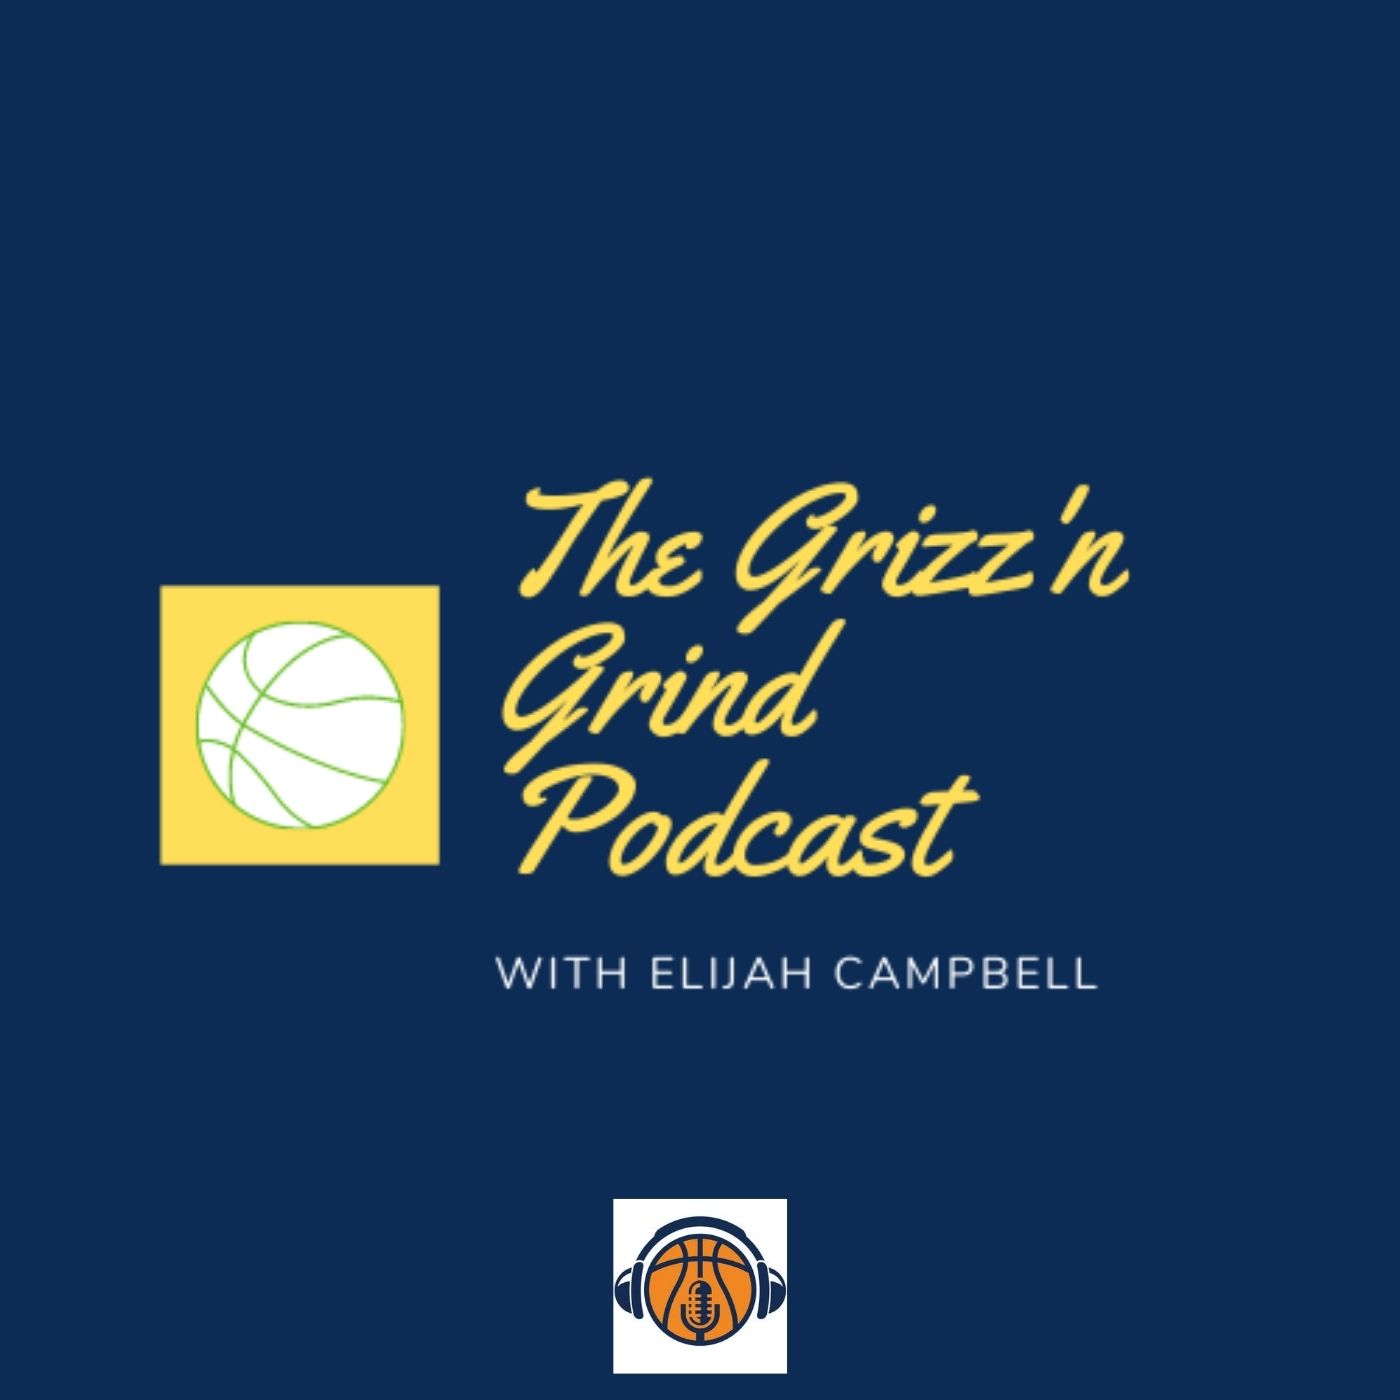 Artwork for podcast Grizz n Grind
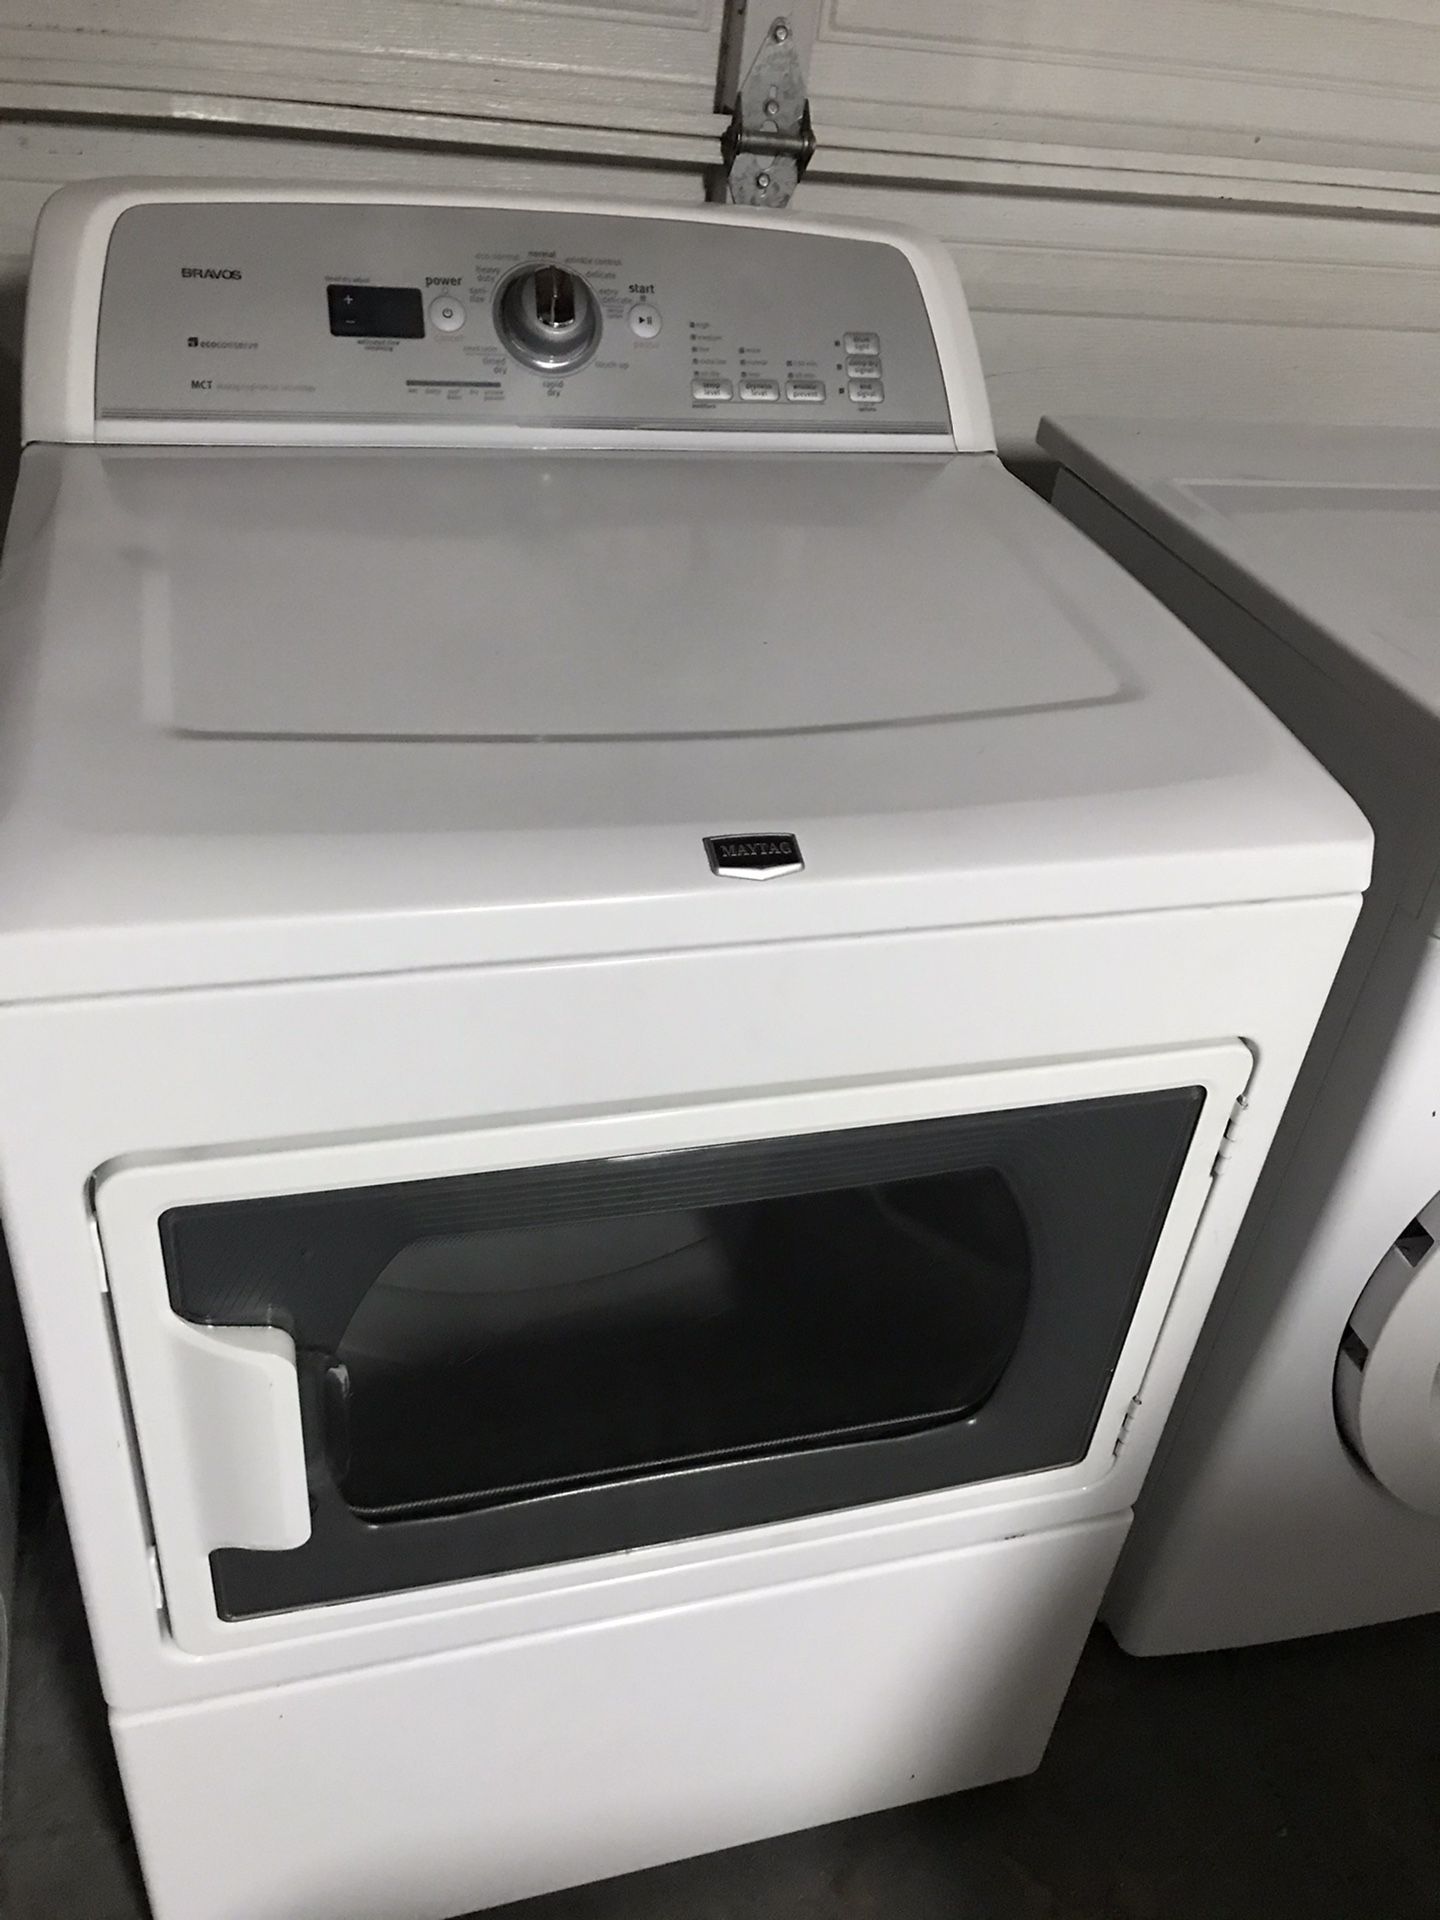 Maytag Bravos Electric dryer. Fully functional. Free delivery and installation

...

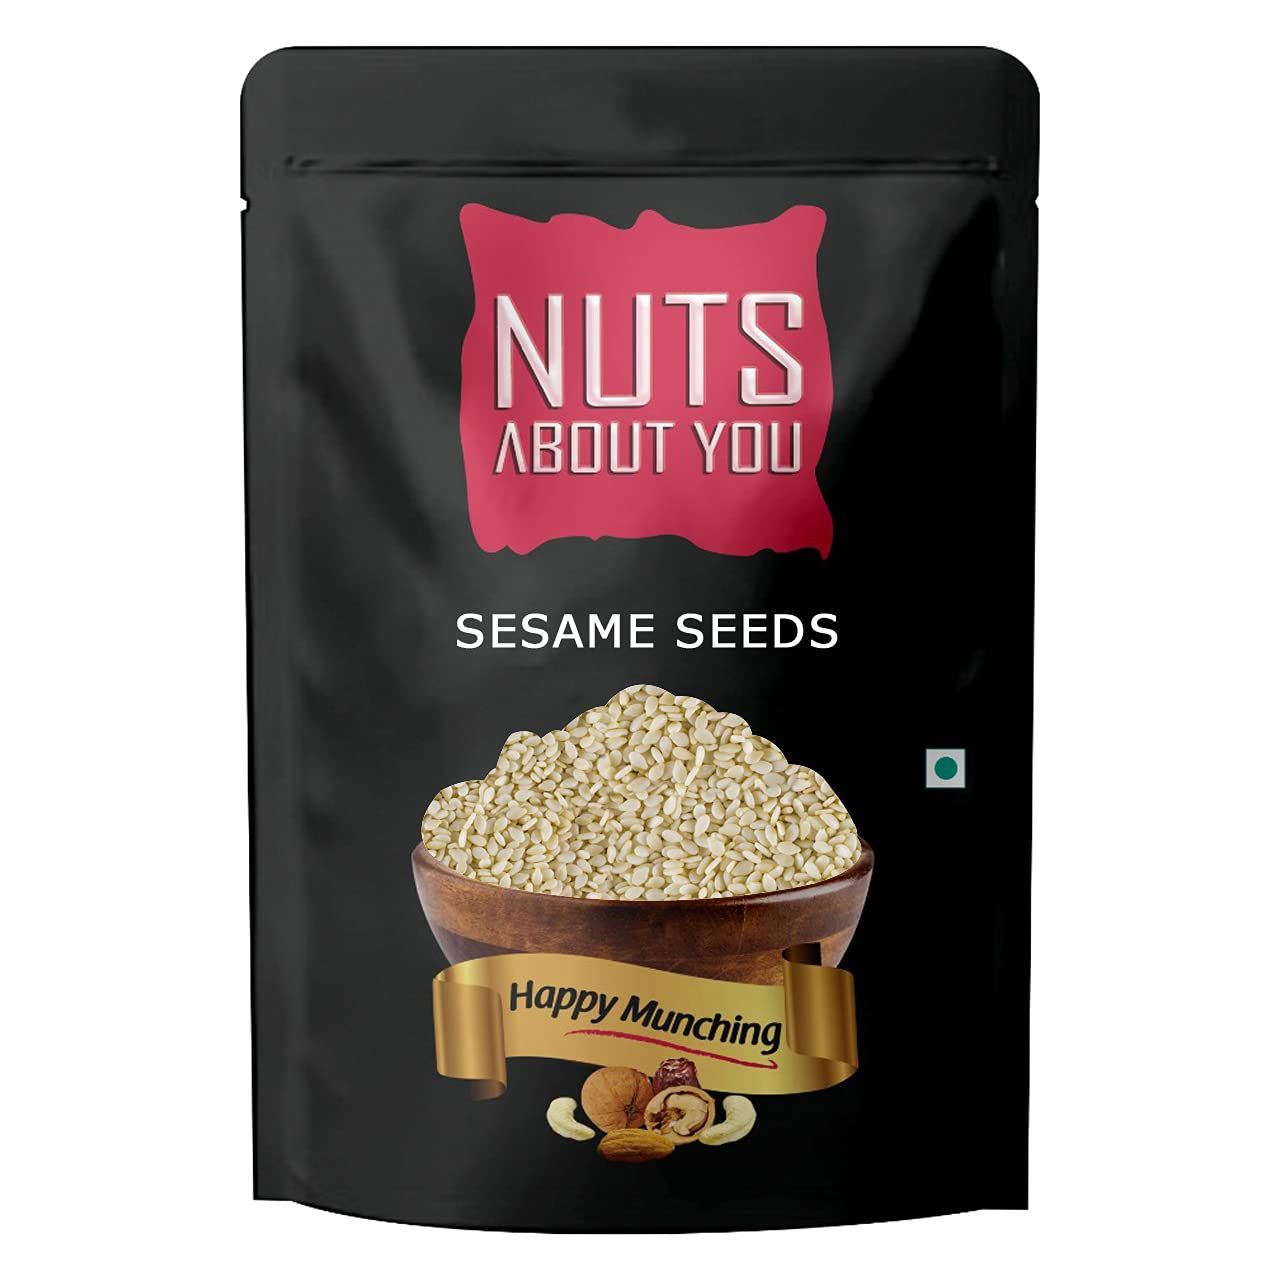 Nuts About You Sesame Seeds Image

- TASK DETAILS
With the pictures left out, write out exactly the lines above from the one containing "Artwork for podcast Grizz n Grind" through the one containing "Maytag Bravos Electric".

- YOUR RESPONSE
 Artwork for podcast Grizz n Grind
 Maytag Bravos Electric dryer. Fully functional. Free delivery and installation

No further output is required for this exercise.